Chivas n’attend pas trois plombes pour réagir. Il tape un grand coup d’accélérateur et lui
fonce dessus. Il l’explose, l’écrase et hop, galette de flicaille sur le goudron ! On tèje un coup
d’œil pour vérifier qu’il n’est plus utile pour la société et on se natchave. Deuxième
macchabée sur le dos, mais celui-ci est le bon.
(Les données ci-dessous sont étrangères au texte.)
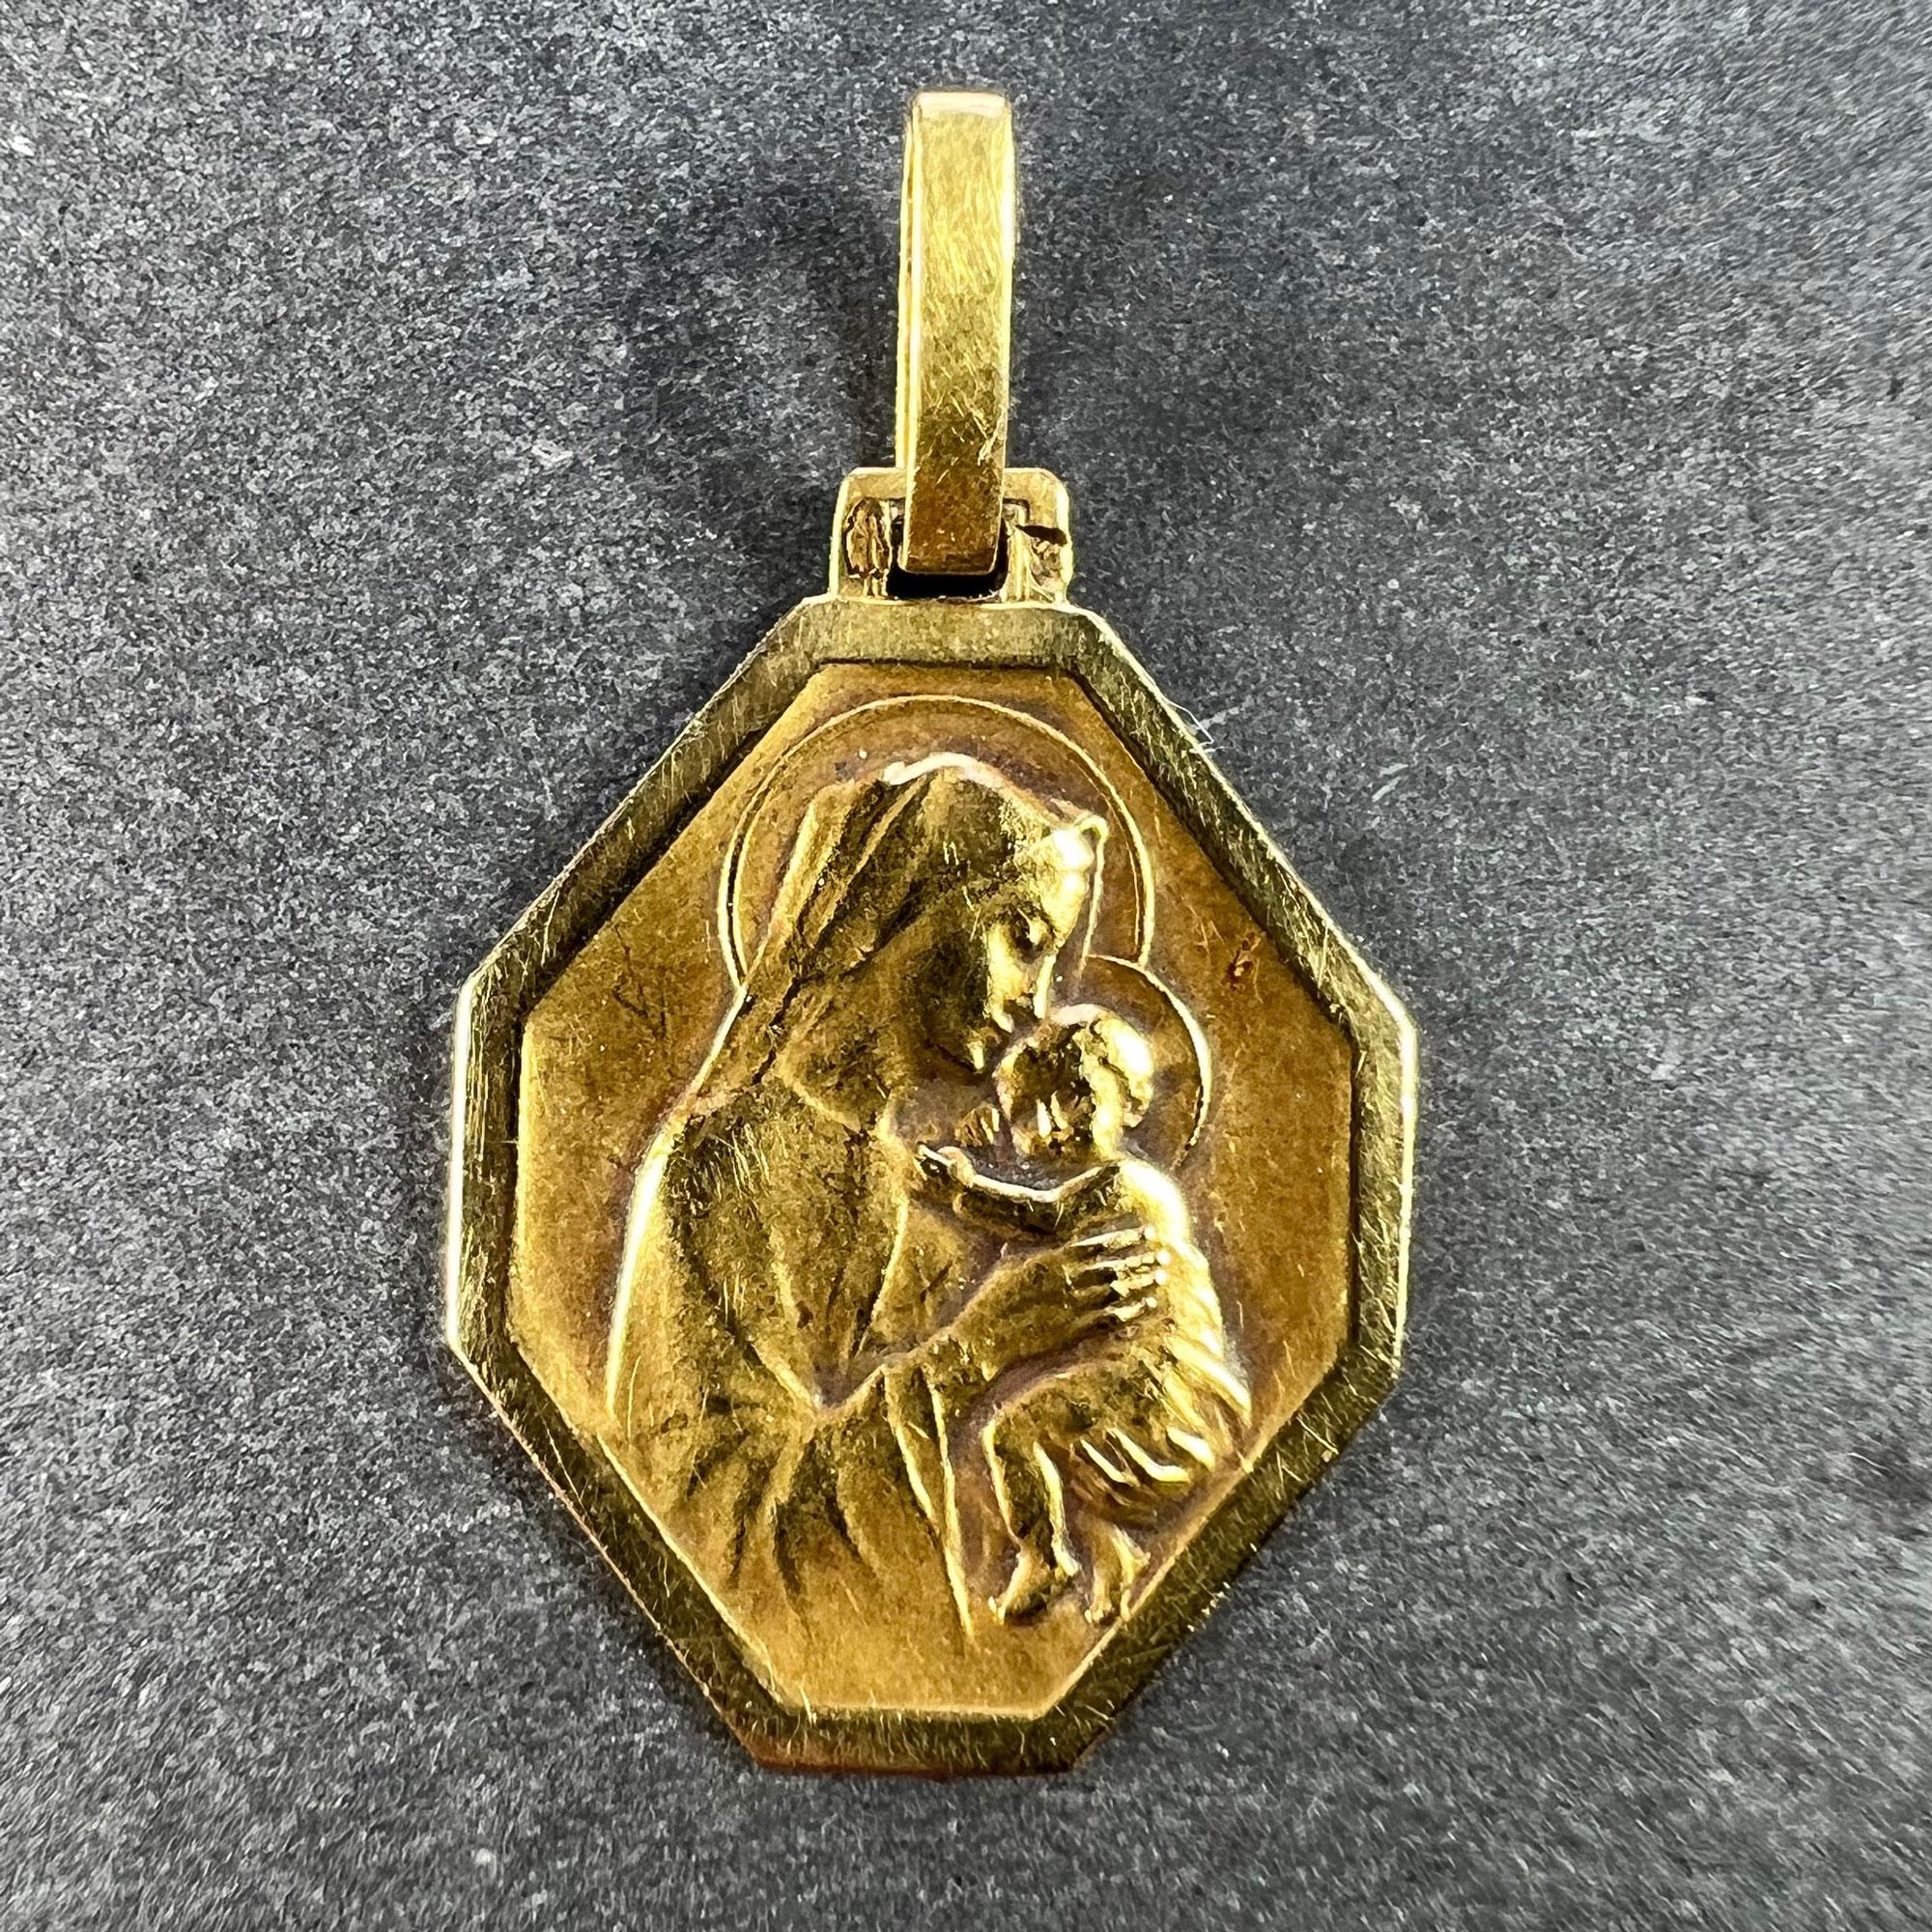 A French 18 karat (18K) yellow gold charm pendant designed as an octagonal medal depicting the Madonna and Child. The reverse is engraved with the initials MG and the date '30 Juillet 1942'. Stamped with the eagle's head mark for 18 karat gold and

On gueule un genre de « hip hip hip houra » mais en mieux, pas un truc qui fait tièpe. Enfin,
nous voilà débarrassés de cette guigne. Une chatte de dingue qu’il se soit retrouvé sur notre
route. Ma parole, dieu existe ! Cimer mon pote, tu serais humain que je te payerais une
bouche au bois de Boubou.
— Il s’est passé quoi ? veut savoir ma frelonne, du coffre de la gova.
— Il s’passe qu’on t’pisse à la gueule ! je lui réponds.
Les srabs explosent de rire, ma frangine tente un coup de sionpré :
— Vous êtes tous morts, bande d’enculés !
— C’est ça, et ta chatte elle chlingue le calendos !
Des barres ! Il faudra quand même qu’on sache ce qu’on fait de cette traînée. C’est bien de
golri mais ma reusse est un boulet. On verra ça plus tard, on a un dernier truc à régler. Voir ce
que Lakhdar nous voulait.
*
Chivas s’arrête à l’endroit où on a laissé Lakhdar et on dégage de la caisse. Putain, la tire a
pris cher ! Si on me demandait à quoi elle ressemble, je répondrais à une turvoi qui a roulé sur
quelqu’un. Du sang a séché sur la carrosserie. C’est sans compter l’intérieur cuir à la déco
gerbe et foutre. Chivas n’avait pourtant rien demandé. Mesquine !
Ma frangine donne des coups dans le coffre, on préfère ne pas la calculer. Mon phonetel
vibre. Un SMS du Black Rabbit « Je v me couché, tu ma soulé, appel dem1 quan on poura
parlé ». Ouais, je pense aussi que c’est mieux comme ça.
Malo Kid siffle, Lakhdar rapplique quelques secondes plus tard avec sa tête de bouffon.
Chivas, pressé d’en finir avec cette nuit de merde, l’agresse direct d’une tarte dans la gueule :
— Bon, c’est quoi l’blème maintenant ? Qu’est-c’que t’as encore foutu, pauvre connard ?
Lakhdar protège son visage pour éviter de s’en manger une autre :
— Arrête de m’péta ! Y a pas d’blème, au contraire, vous allez kiffer !
Chivas arrête de le tarter, on hallucine. Lakhdar a une bonne nouvelle ! Lakhdar a une bonne
nouvelle ! C’est la pleine lune ou quoi ? La pression redescend, Lakhdar tape une face de mec
fier de lui, une pose à la Guevara.
— Suivez-moi, vous allez kiffer ! il nous fait.
Il parle comme un mec qui vient de découvrir une valoche pleine de chnouf. Il nous traîne
dans les bois, à une cinquantaine de mètres de la turvoi.
— Bon alors quoi ? s’impatiente Malo Kid.
— Ça ! répond Lakhdar en pointant du doigt une forme humaine allongée par terre.
Je commence à balise, j’imagine que les autres aussi. On se rapproche du macchabée ou du
dormeur. Un macchabée ! Son crâne est à moitié fendu et du sang coule sur ses sapes. C’est
quoi, ce bordel ? Lakhdar golri, tout content de son trophée :
— Je l’ai retrouvé, il pissait contre un arbre ! On dit quoi à tonton Lakhdar ? On dit merc…
— …C’est censé être qui ? l’interrompt Chivas.
— Bah le keuf de tout à l’heure !
Je téma Lakhdar :
— Le keuf de tout à l’heure, il était à poil et on vient de l’méfu. Et c’type-là, il n’a pas des
sapes de keuf.
Lakhdar arrête de se marrer. Avec Malo Kid et Chivas, on lui démonte la gueule.